January 3rd 2011, 09:37 PM
dwsmith

Simple example:

$\displaystyle \begin{bmatrix} a_{11} & a_{12}\\ a_{21} & a_{22} \end{bmatrix}\begin{bmatrix} b_{11} & b_{12}\\ b_{21} & b_{22} \end{bmatrix}$

$\displaystyle c_{ik}=\sum_{j=1}^{n}(a_{ij}b_{jk})$

$\displaystyle c_{11}=\sum_{j=1}^{n}(a_{i1}b_{1k})=a_{11}b_{11}+a _{12}b_{21}$

$\displaystyle c_{22}=\sum_{j=1}^{n}(a_{i1}b_{1k})=a_{21}b_{12}+a _{22}b_{22}$

$\displaystyle c_{12}=\sum_{j=1}^{n}(a_{i1}b_{1k})=a_{11}b_{12}+a _{12}b_{22}$

$\displaystyle c_{21}=\sum_{j=1}^{n}(a_{i1}b_{1k})=a_{21}b_{12}+a _{22}b_{22}$

$\displaystyle \begin{bmatrix} a_{11}b_{11}+a_{12}b_{21} & a_{11}b_{12}+a_{12}b_{22}\\ a_{21}b_{12}+a_{22}b_{22} & a_{21}b_{12}+a_{22}b_{22} \end{bmatrix}$
January 4th 2011, 02:15 AM
HallsofIvy

Have you learned the "dot product" of two vectors- $\begin{bmatrix}a & b & c\end{bmatrix}\begin{bmatrix}c \\ d\\ e\end{bmatrix}= ac+bd+ ce$ .

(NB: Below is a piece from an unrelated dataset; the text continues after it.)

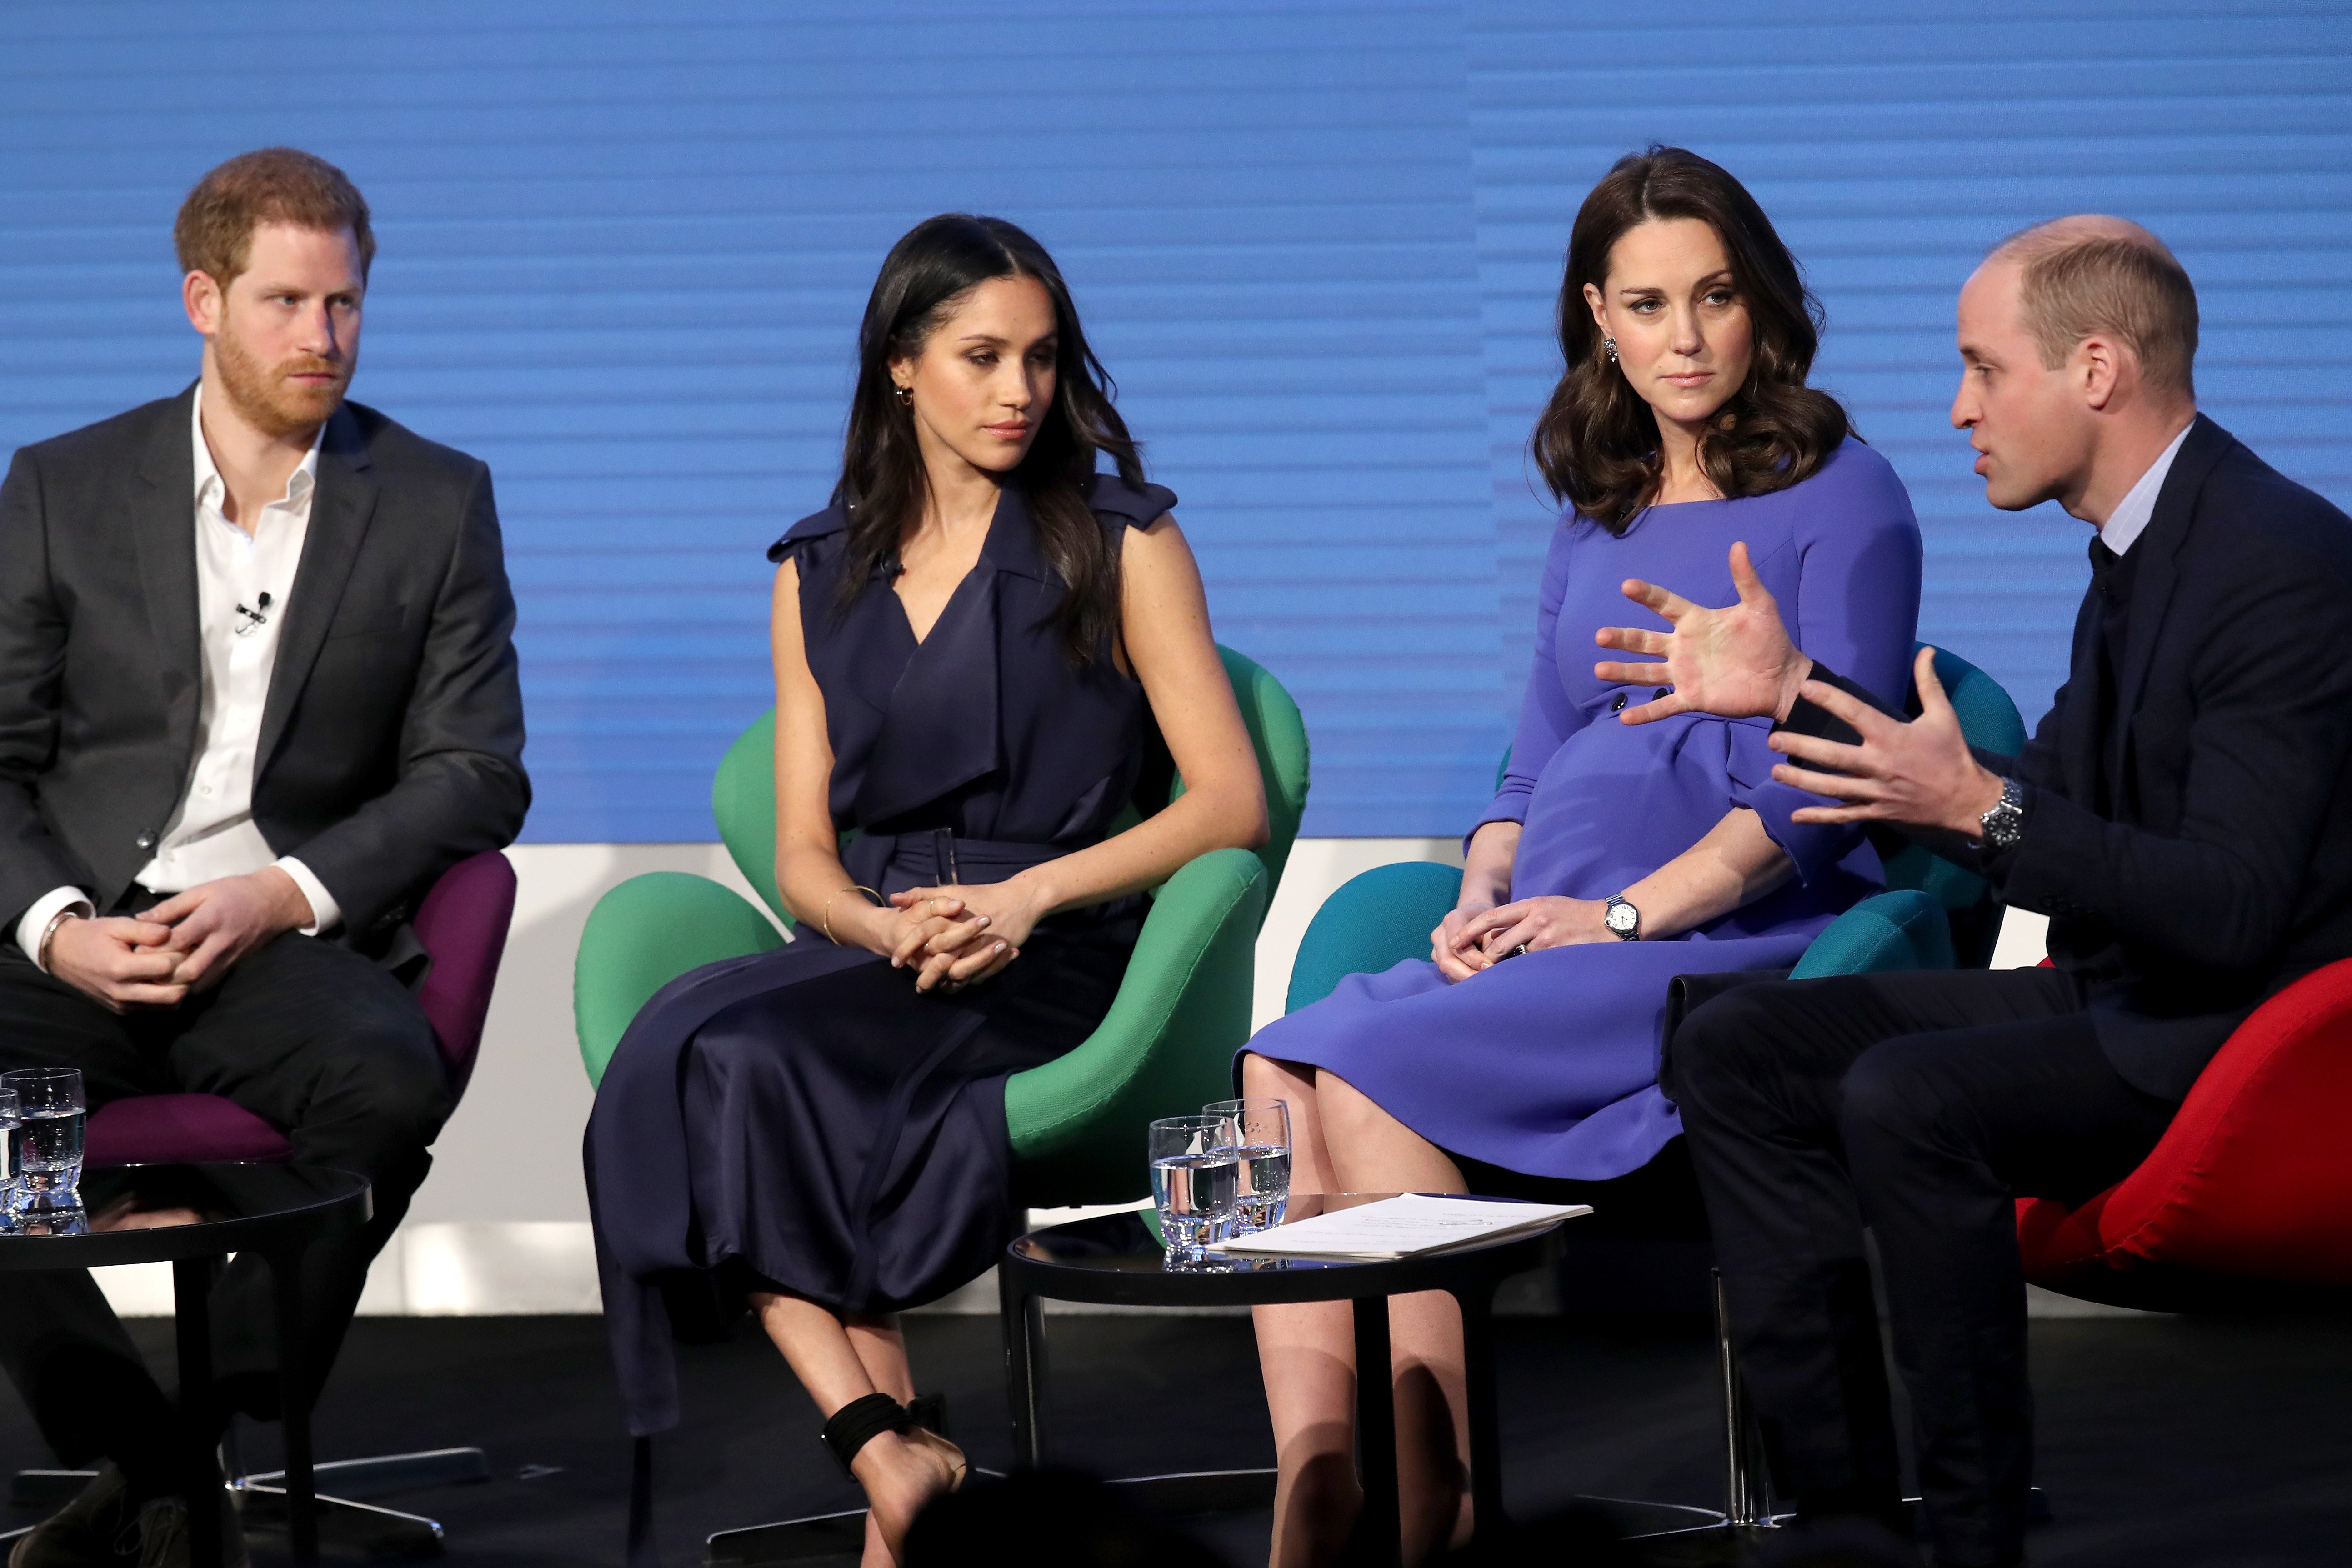 Britain's Prince Harry, Meghan Markle, Catherine, Duchess of Cambridge and Prince William, Duke of Cambridge attend the first annual Royal Foundation Forum on February 28, 2018 in London | Source: Getty Images

If so, the number in the "i,j" place (i th row and jth column) of AB is the dot product of the ith row of A and the jth column of B.

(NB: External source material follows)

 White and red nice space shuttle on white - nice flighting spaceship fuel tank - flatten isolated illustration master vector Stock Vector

The second row of your A is $\begin{bmatrix}1 & 0 & 0 & 0\end{bmatrix}$ and the third column of B is $\begin{bmatrix}0 \\ 2 \\ 1 \\ -2\end{bmatrix}$ . Their dot product is $1(0)+ 0(2)+ 0(1)+ 0(-2)= 0$ . The number in the second row and third column of AB is 0.

Now, practice! This isn't something you learn in a few minutes.
January 4th 2011, 02:42 AM
DrSteve

The posts above are all very good. I think it might also help if I spell out a couple of the computations for you. I am going to use the method that I think is easiest to understand:

[ 0 1 0 0][ -2 1 0 1]
[ 1 0 0 0][ 3 0 2 1]
[ 0 0 0 1][ -1 1 2 -1]
[ 0 0 1 0][ 3 -2 1 0]

To get the (1,1) entry of AB you "multiply" row 1 of A and column 1 of B as follows:

(0)(-2)+(1)(3)+(0)(-1)+(0)(3) = 3

To get the (1,2) entry of AB you "multiply" row 1 of A and column 2 of B:

(0)(1)+(1)(0)+(0)(1)+(0)(-2) = 0

So the matrix starts off as [3 0 ...

There will be 16 such "multiplications" in all. See if you can do the rest, and then try computing BA (which is not necessarily equal to AB).